The Informal Proletariat

In their book Empire, Hardt and Negri offer a fresh understanding of the proletariat, “as a broad category that includes all those whose labor is directly or indirectly exploited by and subjected to capitalist norms of production and reproduction,” (Hardt and Negri 52).  This understanding is important to keep in mind when considering the population of over one billion living in informal communities operating in globalized capitalism.  While some suggest that many of the jobs that make up the informal community are entrepreneurial in nature, limited access to resources and capital render these “entrepreneurs” as proletarians involved with the exchange of the scraps of bourgeois productive forces.

Mike Davis correctly notes that the explosion of informal settlemtns is part of a semi-proletarianization process that continues in the tradition of 19th century Naples (Davis 174).  Instead of reflecting an explosion of micro-capitalism, the trend represents the inadequacy of non-urban economic forms in the rush of 21st century capitalism.  Informal settlements become hyper-saturated markets for the consumption of developed capitalism’s waste and contrived levels of unemployment.  Just as the unemployed masses of the 19th century were a byproduct of capitalism itself, informal communities and the informal economies that sustain them are not accidents of postindustrial capitalism.  Rather, they serve to continue the expansion of capital relatively.  The mangnitude of unemployment cheapened the cost of labor because any efforts at collective bargaining could be made null by the rapid replacement of an organized workforce with scores of unemployed masses.

In a similar trick of the market, the electronics market in Lagos (perhaps the most efficient and highprofile example) recycles the detritus and obsolescence of capitalism by exploiting previously-excluded markets (Koolhaas 702).  Antiquated electronics of the late 20th century become the epitome of 21st century technology for a market that is constantly expanding in a strikingly dense manner.

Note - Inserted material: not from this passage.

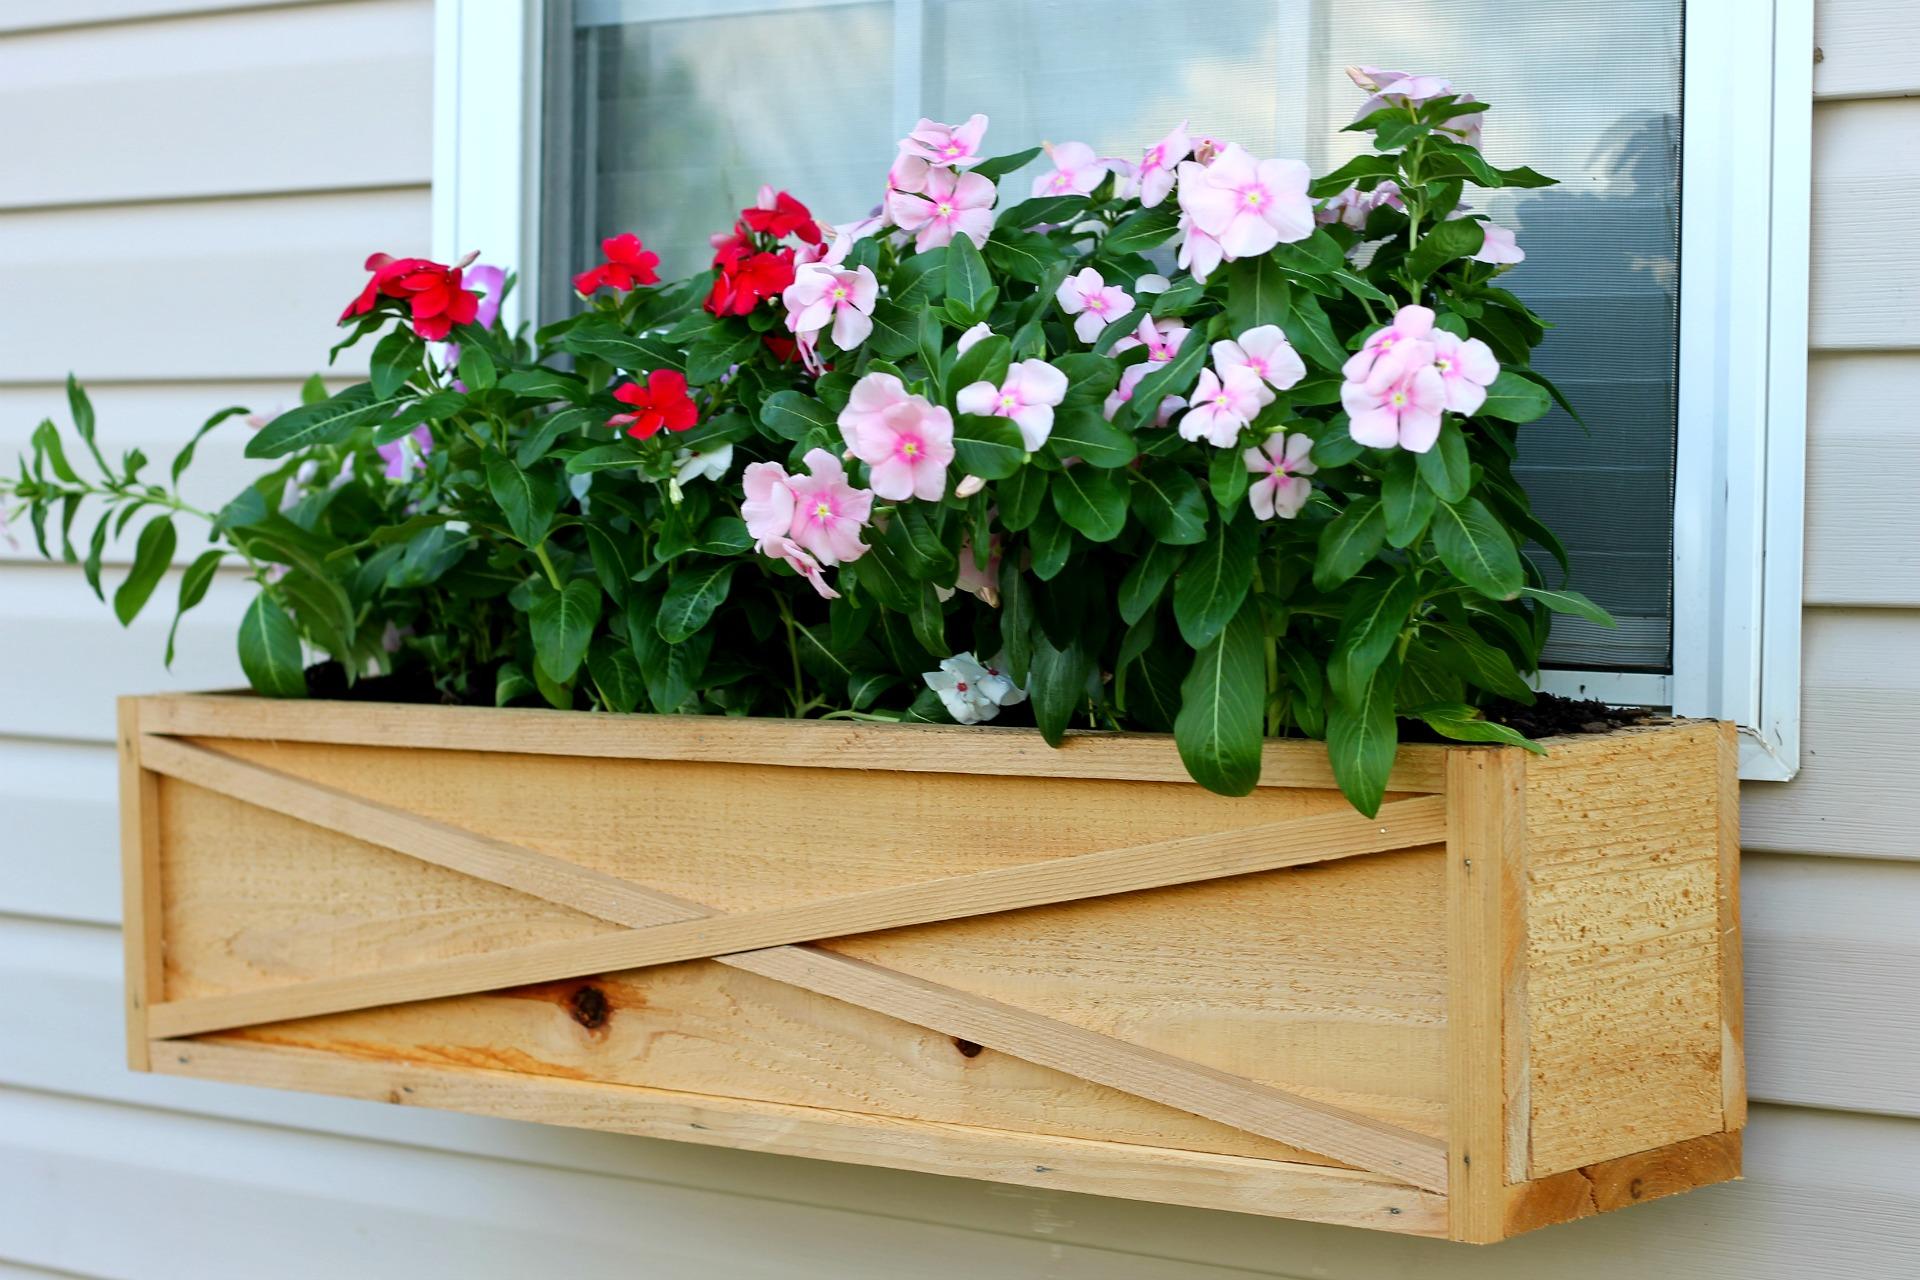 & How to Build a Cedar Window Box Planter

Beyond the more “formal,” informal political structures described in the report on Lagos, the development of informal settlements on the scale witnessed thus far suggests that there is the potential for a new political/spatial logic that exists outside of capitalist globalization.  If Haussmanization processess in the 19th century brought urban space under the control of the bourgeois state, the scope of informal settlements in the 21st century generate possibilities of extra-state resistance and alternative forms of social organization.  Neuwirth, in contrast to Mike Davis, commented on conditions in informal settlements somewhat positively.  Some residents remarked that the communities within informal settlements often allowed for a sense of freedom and human solidarity that were otherwise unavaiable in the formal city (Neuwirth 5).  Beyond this sense of community, one can speculate the ability to radically critique the global capitalist system.  Without fetishizing underdevelopment or caricaturing “the natives’ creativity,” informal settlements are sites of constant growth, dynamic change and close contact between previously-unrelated masses of people.  The potential for this in shaping consciousness in gigantic; modern processes of urbanization are transforming into processes of hyperurbanization without similar levels of economic advancement.  In this sense, the new expanded proletariat is becoming a global phenomenon far surpassing the industrial proletariat of Marx’s days.

 

Bibliography

Davis, Mike. Planet of Slums. London: Verso, 2006.

Hardt, Michael, and Antonio Negri. Empire. Cambridge, MA: Harvard UP, 2000.

Koolhaas, Rem. Lagos: How It Works. Baden: Lars Müller, 2007.

Neuwirth, Robert. Shadow Cities: A Billion Squatters, a New Urban World. New York: Routledge, 2005.